◆ WHAT THE TASK REQUIRES ◆
Repeat the whole listing below precisely. Omit all pictures.

◆ RECORDED INFORMATION ◆
○ ○ ○ ○ ○
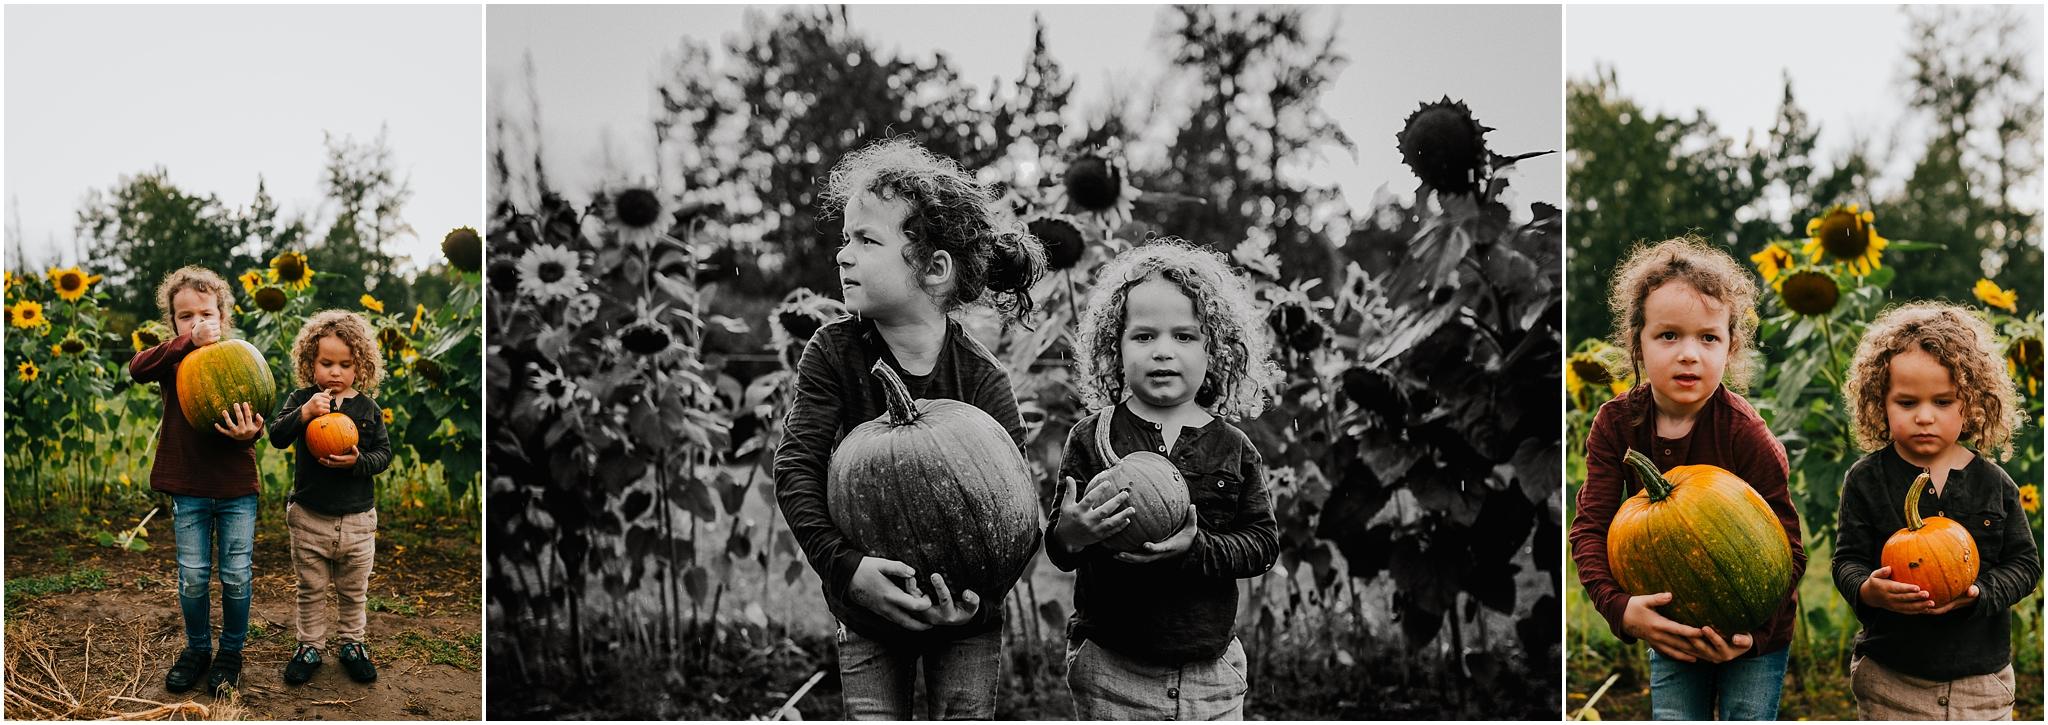 Edmonton Family Photographer - Edmonton Photography - Pick your own pumpkins Edmonton
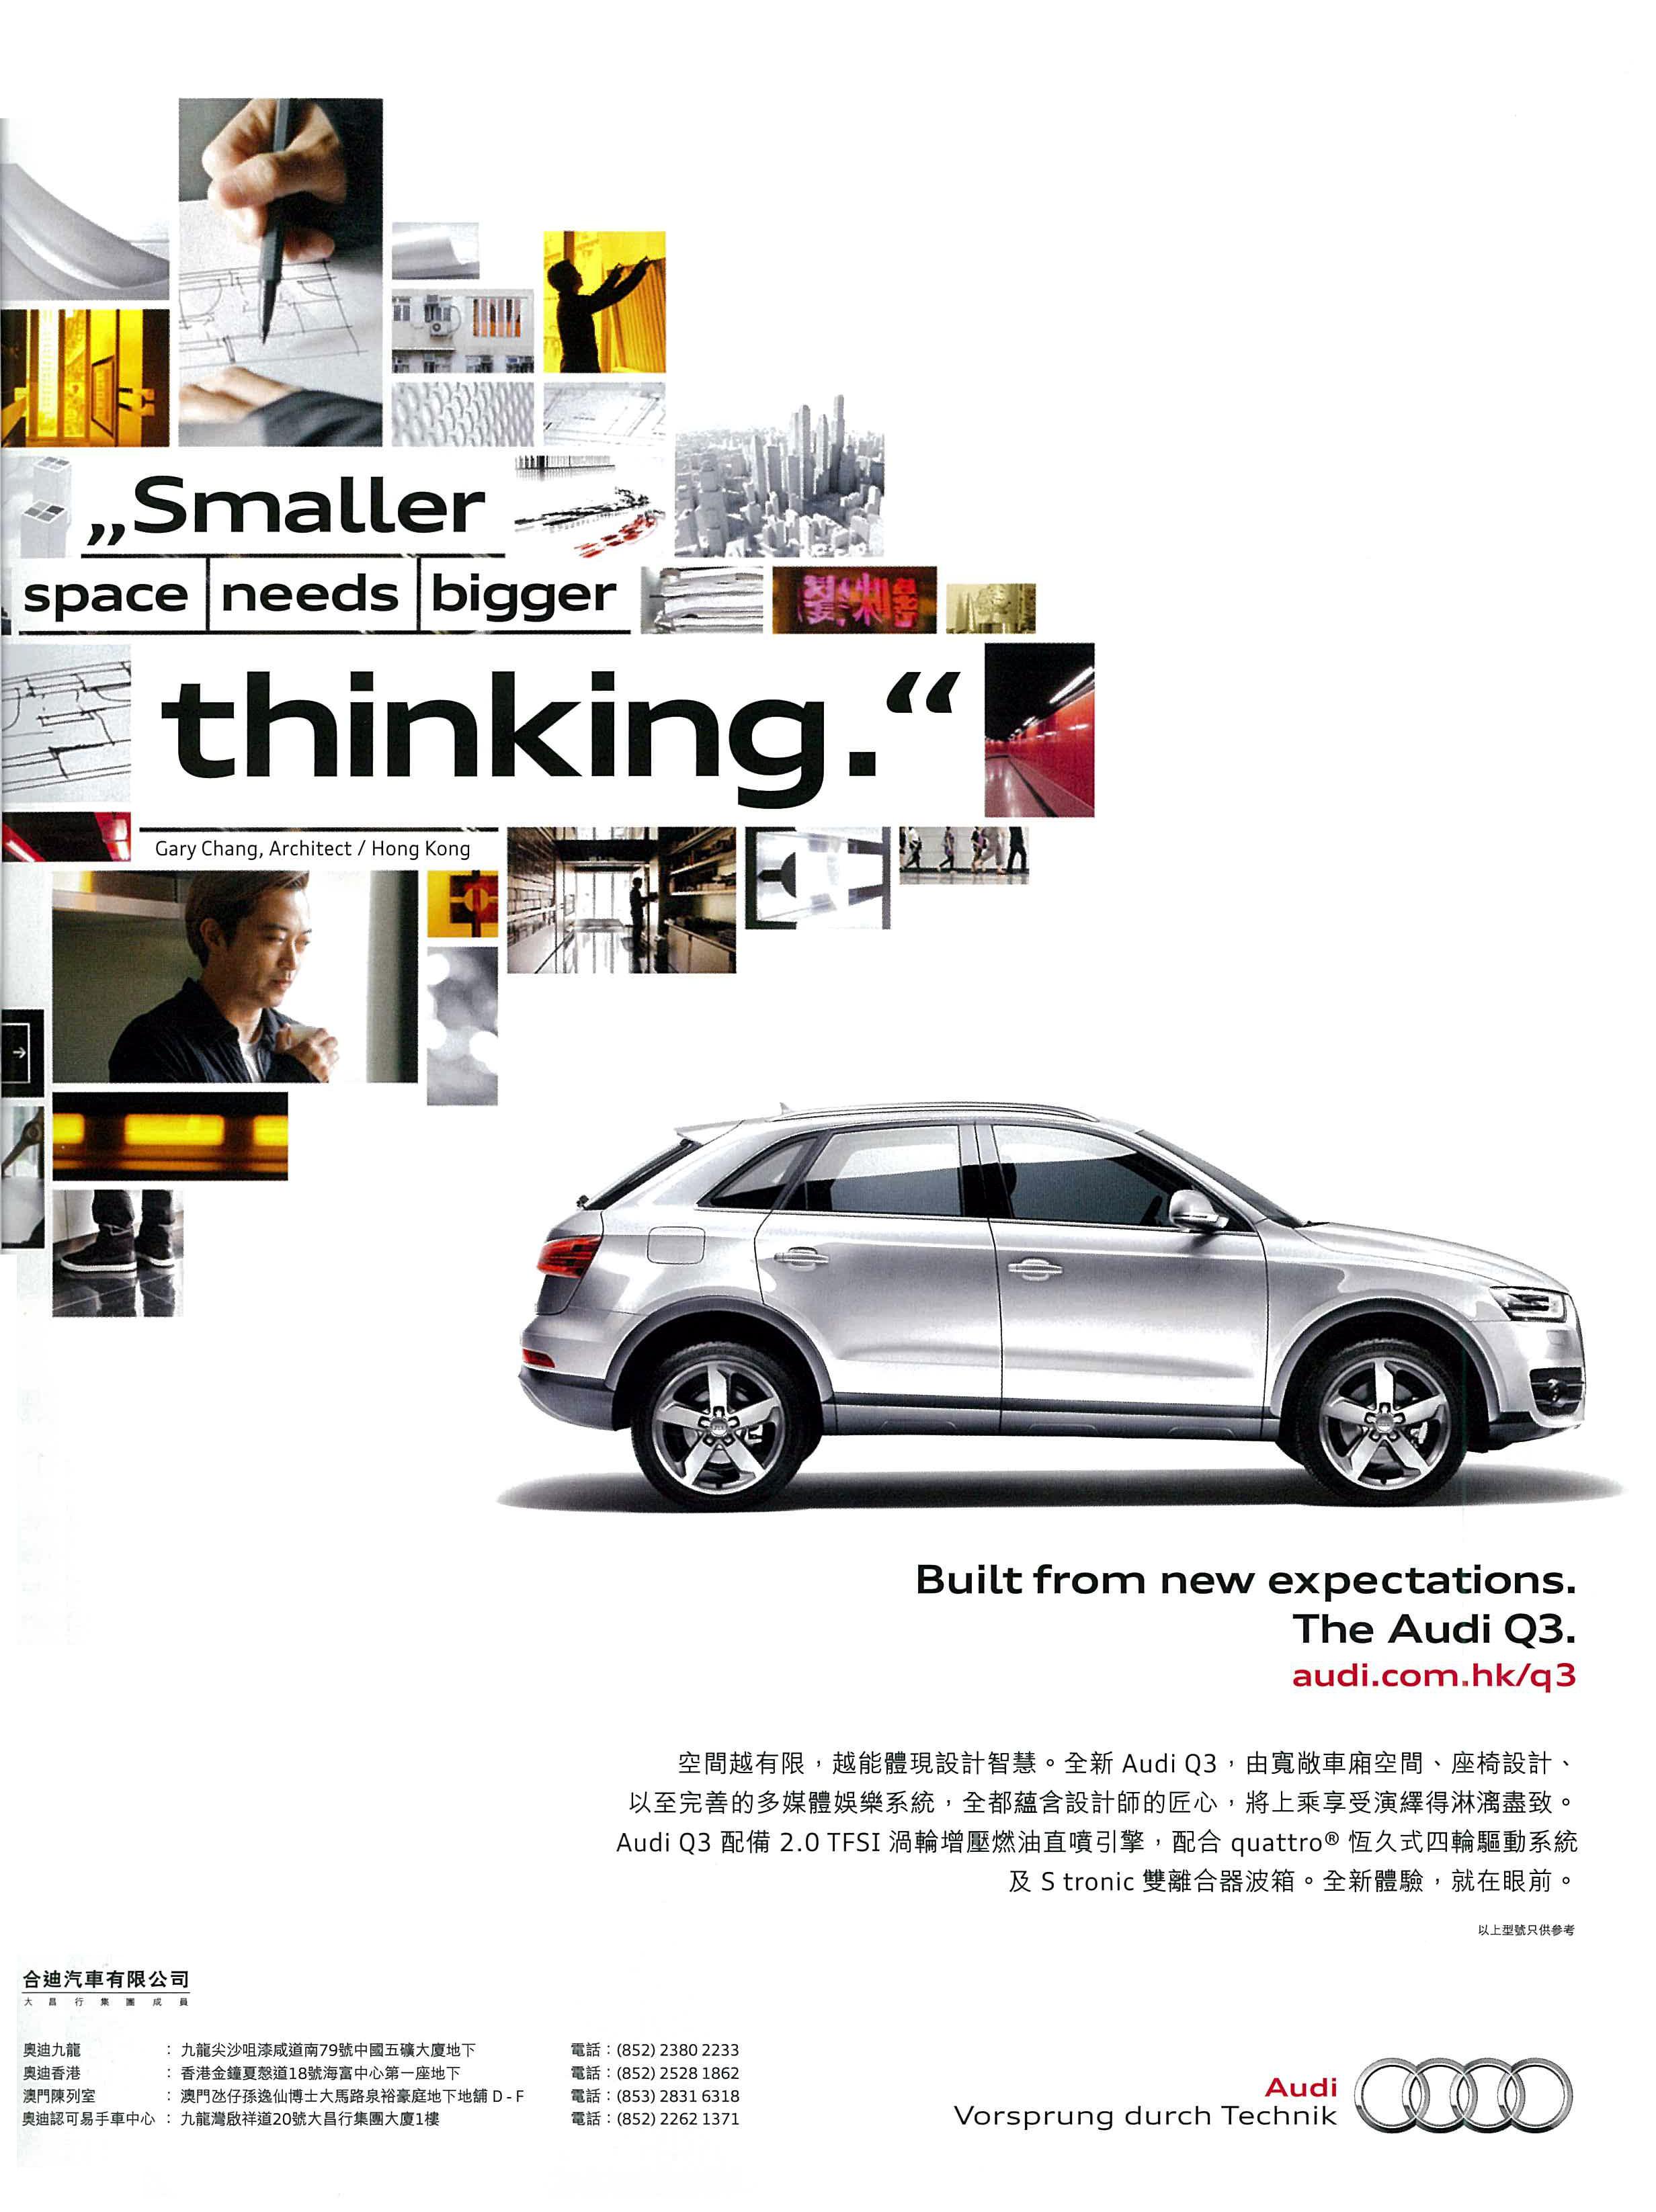 Audi Q3 Advertisement
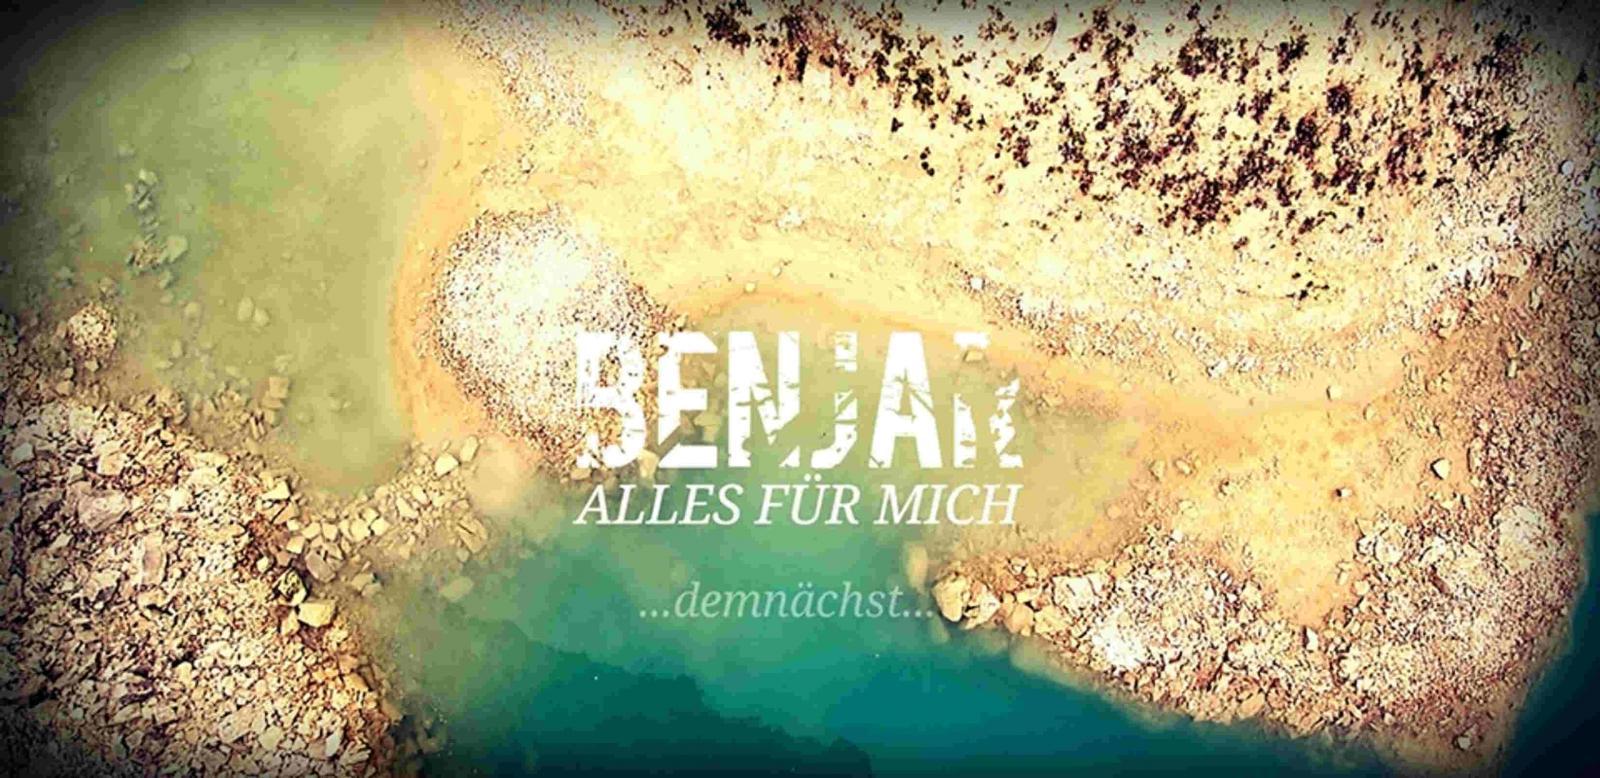 Upcoming: Benjar - Alles Für Mich
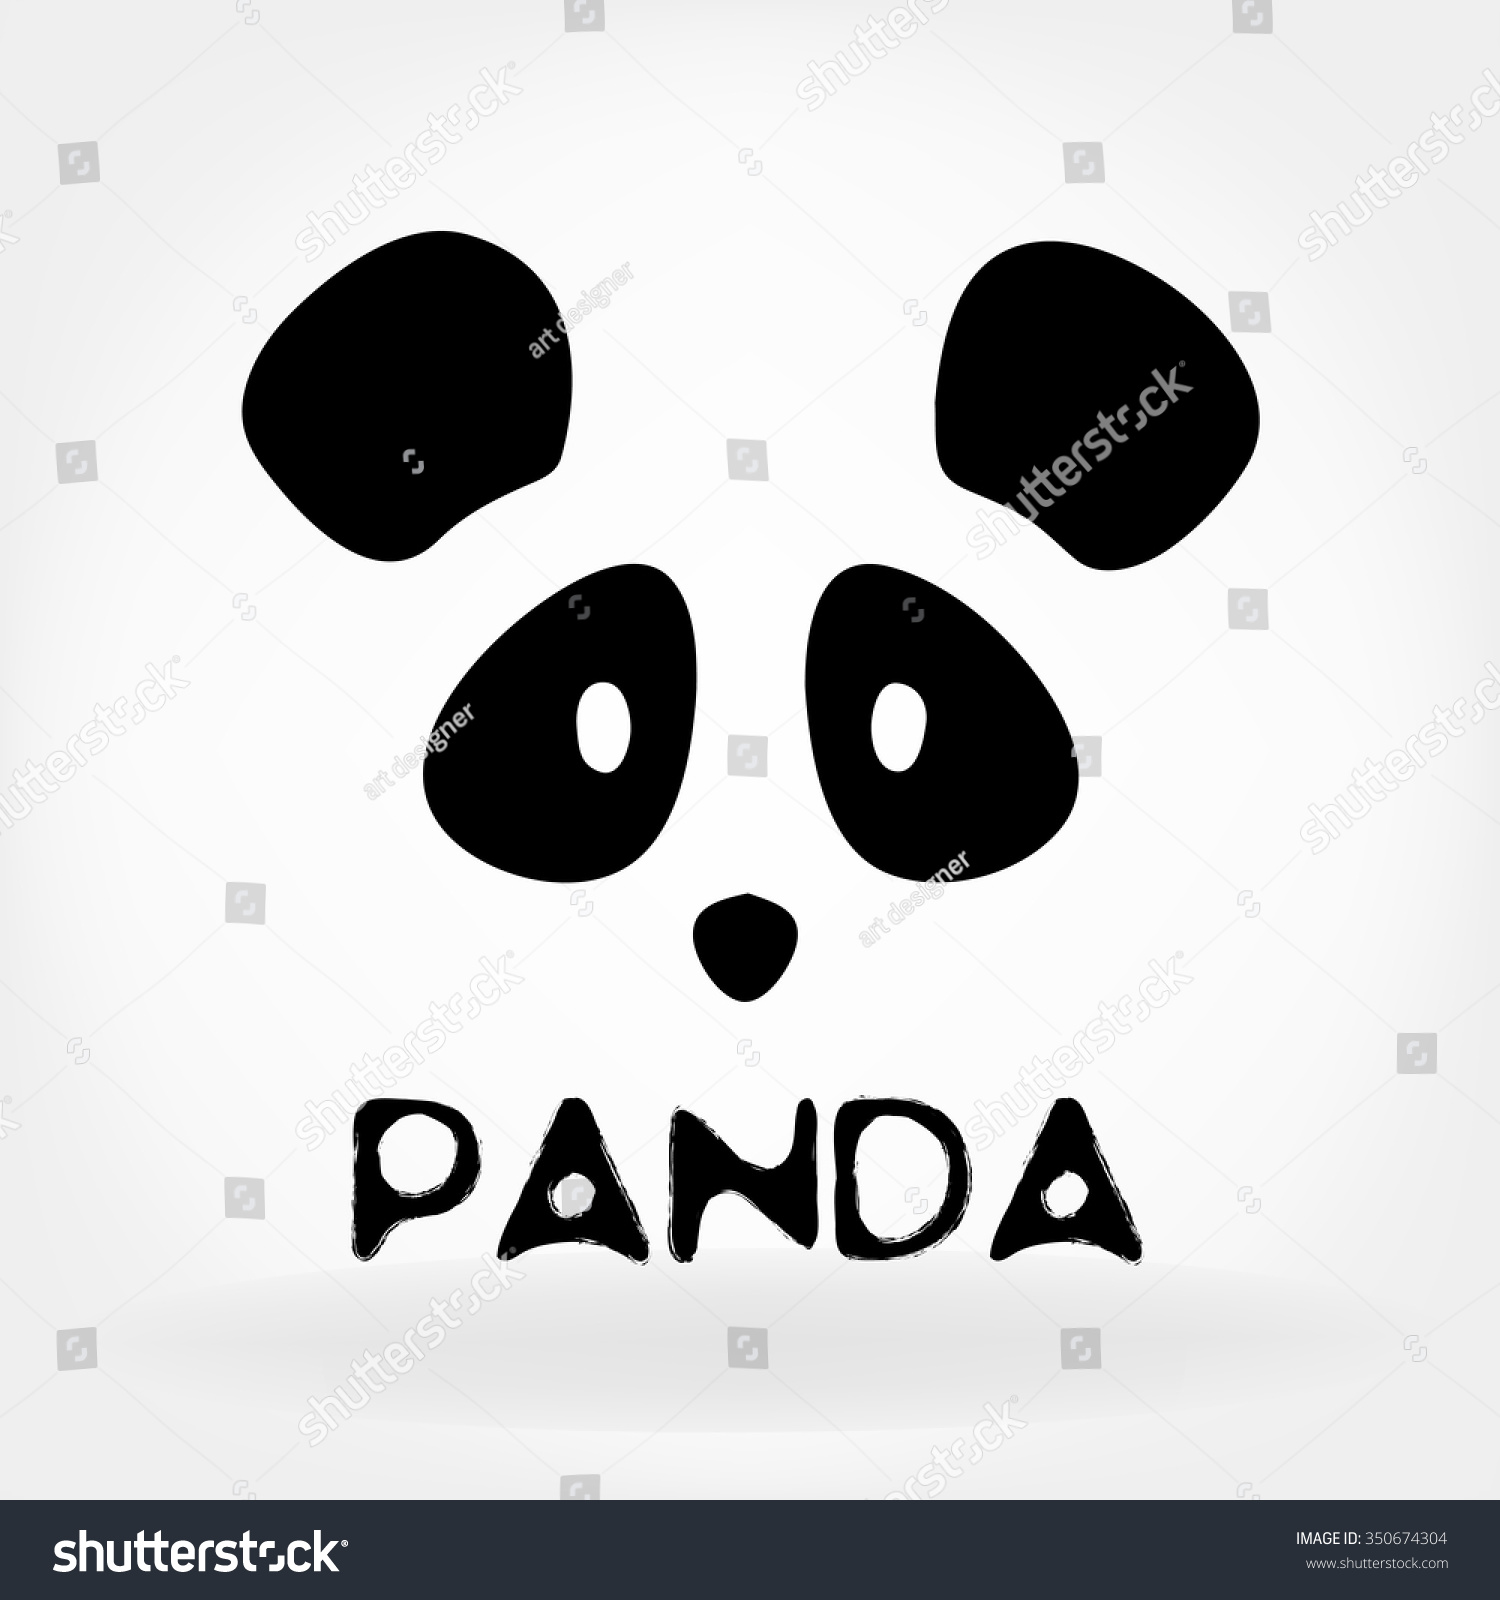 Panda Logo Design Template Stock Vector 350674304 - Shutterstock
○ ○ ○ ○ ○
◆ TASK SOLUTION ◆
 Edmonton Family Photographer - Edmonton Photography - Pick your own pumpkins Edmonton
 Audi Q3 Advertisement
 Upcoming: Benjar - Alles Für Mich
 Panda Logo Design Template Stock Vector 350674304 - Shutterstock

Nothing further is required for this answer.